# Chichlids Mating?



## 20GallonPirate (Nov 1, 2010)

Hey guys, i noticed my two psuedo kenyis doing this since today morning, im pretty sure they are mating, but why are they biting each others mouths?

also this all started with the yellow lab and on Kenyi, but then the kenyis started to do it alone. would it be possible to have kenyi/lab mix?


----------



## TJM (Dec 23, 2009)

Those are females displaying aggression (liplocking) likely due to a territorial dispute.
Kenyi shouldn't be kept in anything under 75 gallons. 55 gallon is considered minimum in general for most cichlids.


----------



## Chromey (Sep 25, 2010)

Females only in that Vid...

That tank is WAY to small, You think you have fighting now Your tank is gunna turn into WW3 being that small.


----------



## 20GallonPirate (Nov 1, 2010)

damn  what can i do? i have 6 chichlids... i cant take them all back to BAs because i dont have a way of transporting the all at once. I guess my only choice is to get rid of them somehow and repopulate the tank with community fish? 

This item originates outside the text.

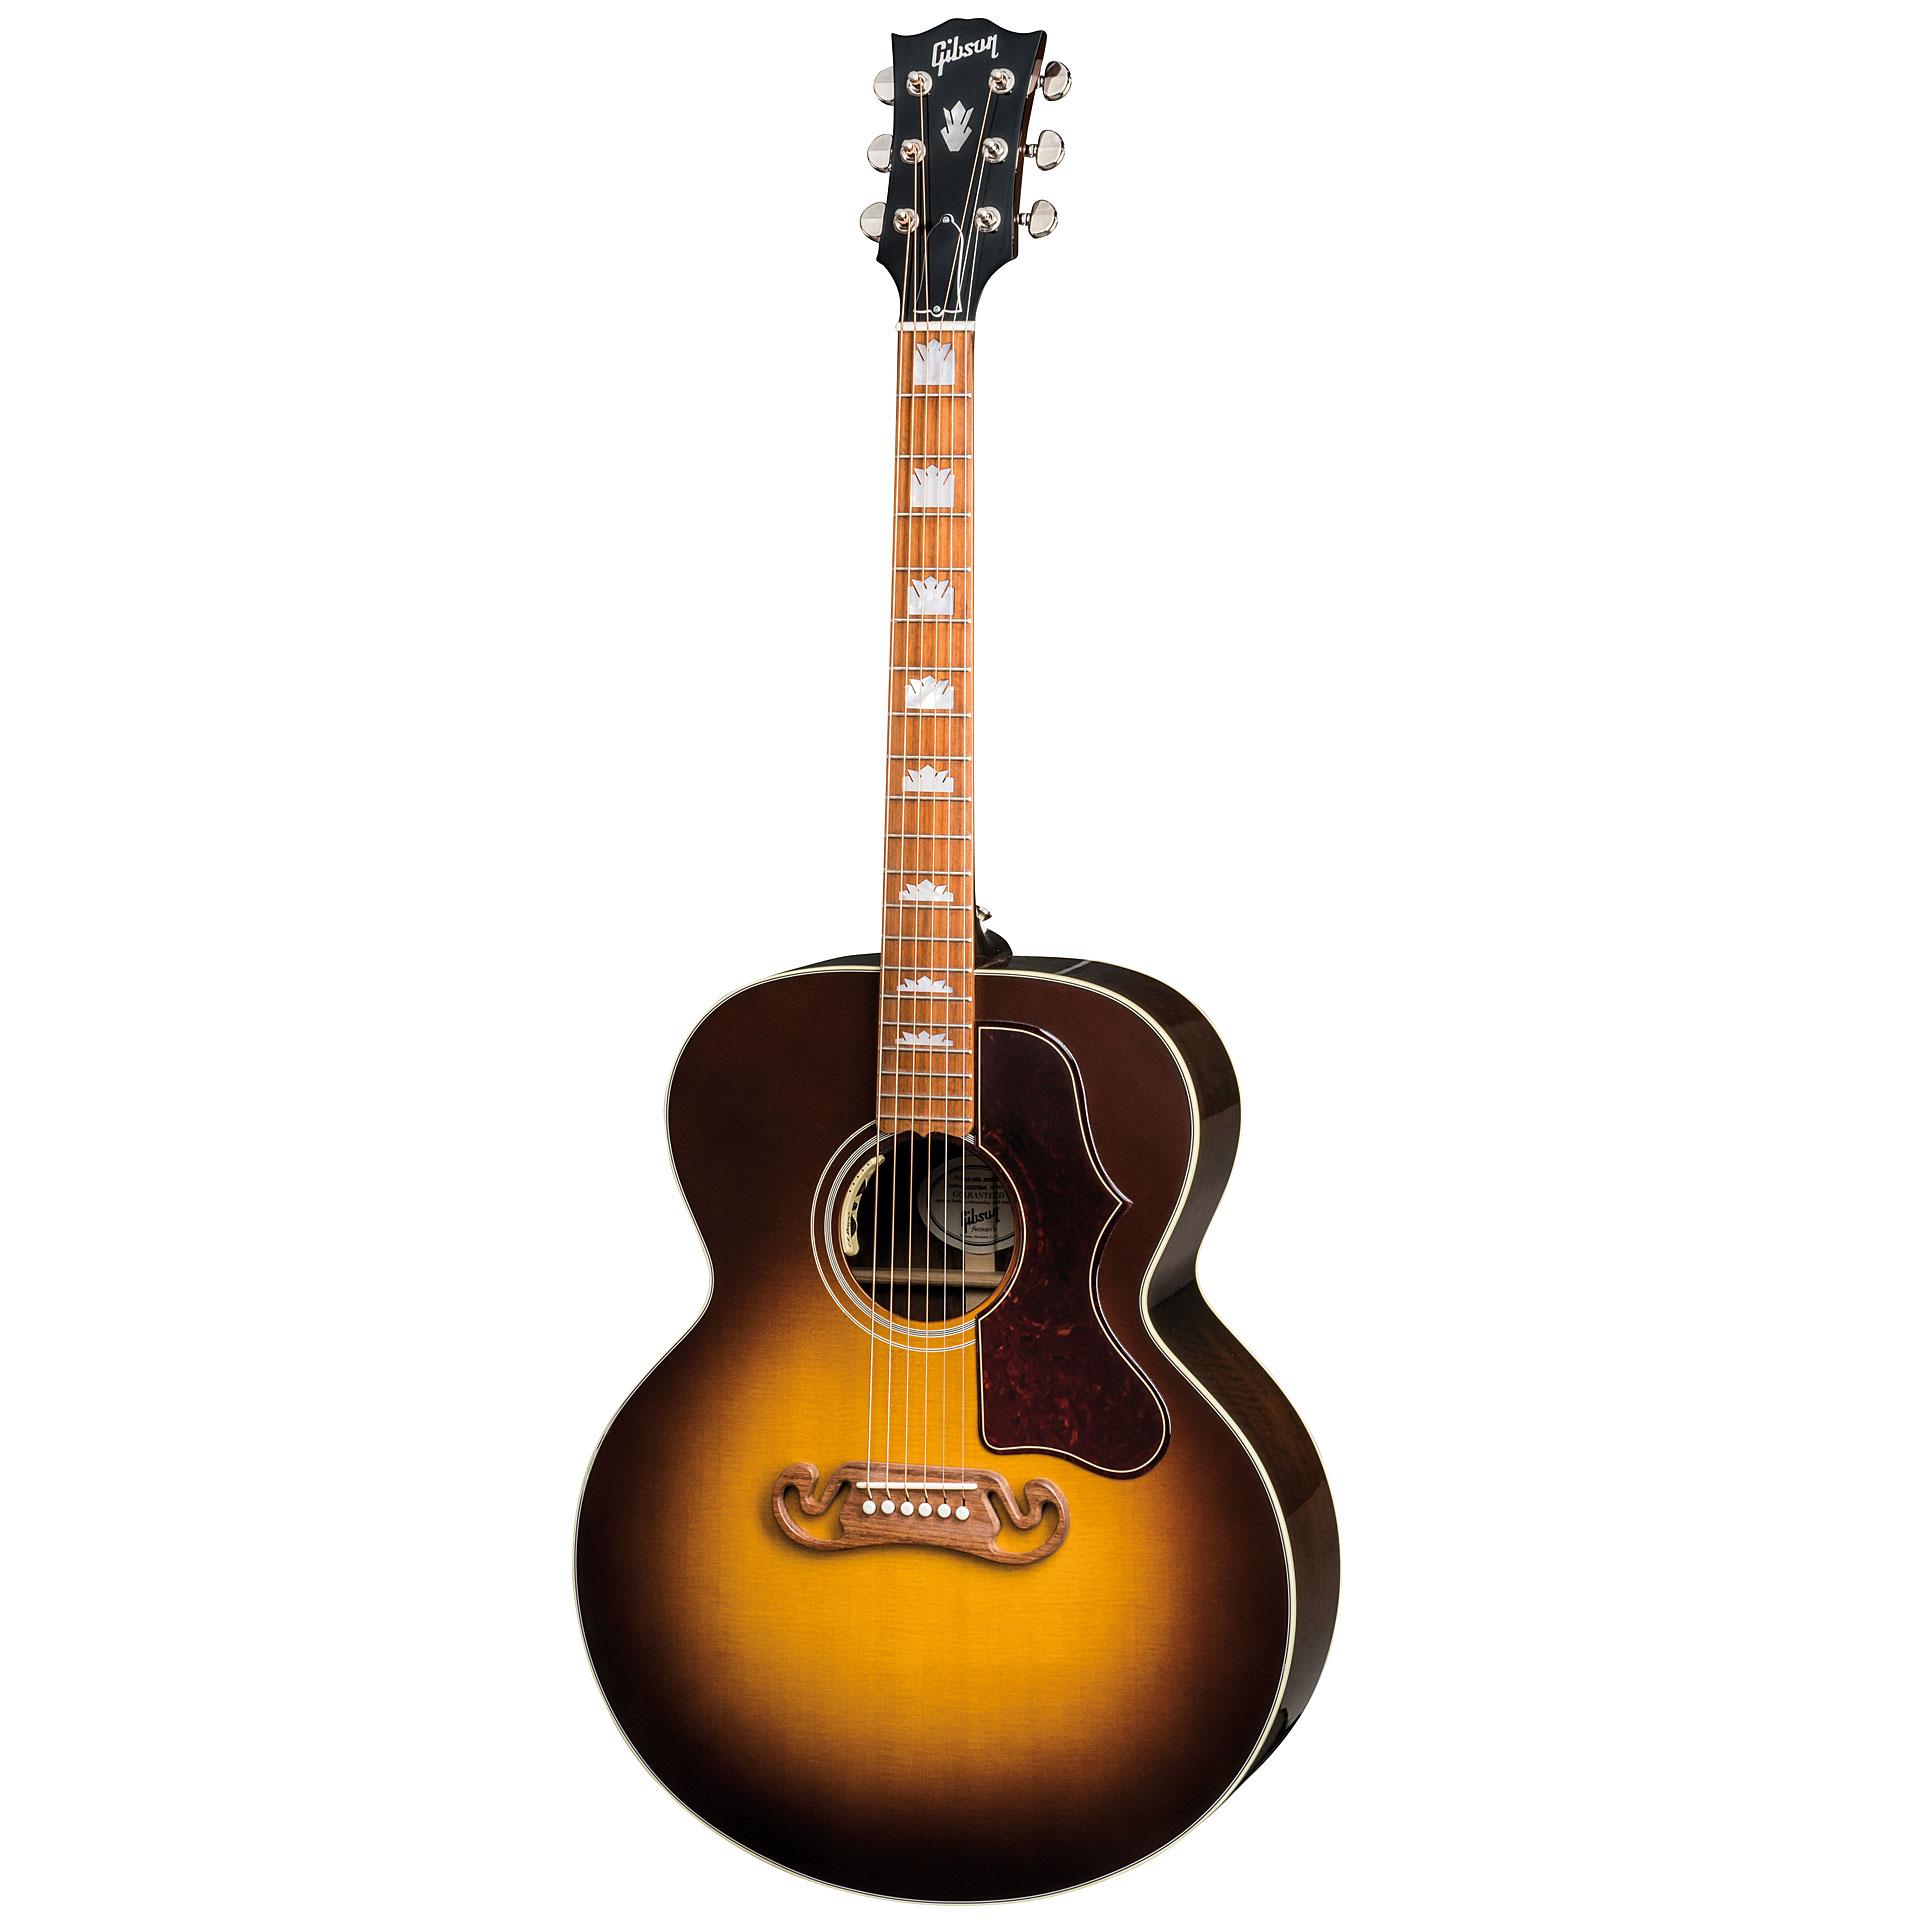 Gibson Sj 200 Studio 10104956 171 Acoustic Guitar

would i be able to keep my BN peacock and then add all community fish? i really like the color he is turning out to be


----------



## Chromey (Sep 25, 2010)

Even though a peacock is a community fish, Its still a cichlid and It might be too aggressive for a standard community tank.


You made a very common mistake, Buy before reading. 1/2 hour of reading would have prevented you from making it.

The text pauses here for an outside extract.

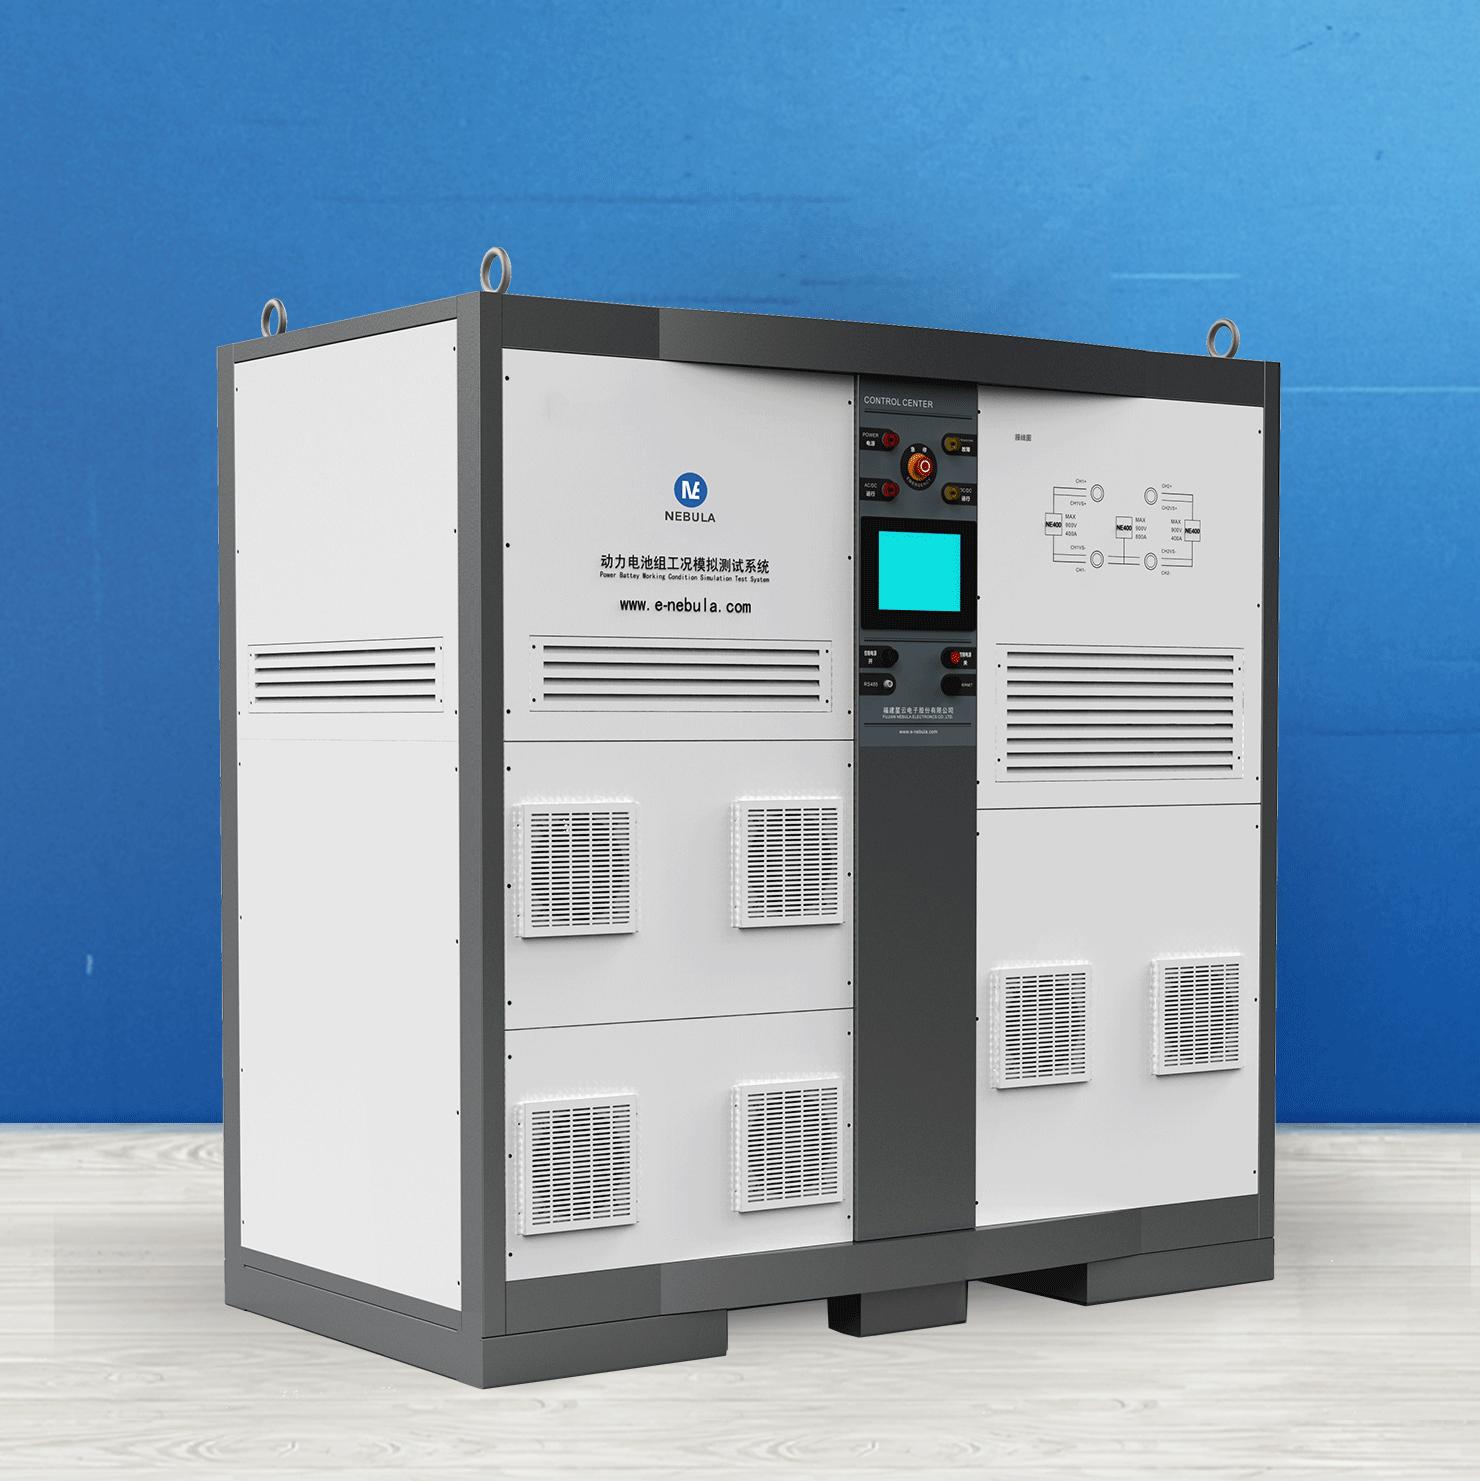 充放电测试系统1000V系列 Featured Image

If you cant get a bigger tank, Look into rehoming.


----------



## Ciddian (Mar 15, 2006)

You can make a post in the buy and sell and see if anyone is willing to take them


----------



## Riceburner (Mar 14, 2008)

don't forget to add your location....and pics are always welcome.


----------



## vinjo (Dec 8, 2010)

Looks like the Lab is holding eggs in that video. Probably just the grainyness...

If those are true female keny's I'll take one. I have a male. Wouldn't mind populating my tank a bit. They look a bit young to tell if they're true females or just males keeping female colors for protection. (Kenyi males can change to look female to reduce aggression from a dominant male or or other cichlid species.)

Watch as the territorial despute ends one will turn yellow very quickly.


----------



## Y2KGT (Jul 20, 2009)

20GallonPirate said:


> damn  what can i do? i have 6 chichlids... i cant take them all back to BAs because i dont have a way of transporting the all at once. I guess my only choice is to get rid of them somehow and repopulate the tank with community fish?
> 
> would i be able to keep my BN peacock and then add all community fish? i really like the color he is turning out to be


You can go to Big Al's and talk to the manager about trading them in for credit. Then ask the manager for some bags so that you can return with the fish in bags. They'll give you the bags for free.

Or you can buy a 5 gallon bucket at Rona for $5 and use it for water changes later. You should also pick up a lid for the bucket at Rona.
--
Paul


----------



## 20GallonPirate (Nov 1, 2010)

thanks for all the help and suggestions guys!

I got a gift card from my GF's grandma for big als lol....so that will go towards my repopulation fund. as for my current chichlids, there are 5 left, and if anyone wants them i will give them away at a very fair price to a good owner, if not then BAs it is.

also, once i get rid of my current livestock, how long should i wait before putting in new ones? the PH is at around 7-7.2 which is LOW for chichlids i know but its been a struggle for me to bring it up. If i bring down the PH to regular cummunity fish levels can i add them in right after getting rid of my chichlds? 

Happy New Years !


----------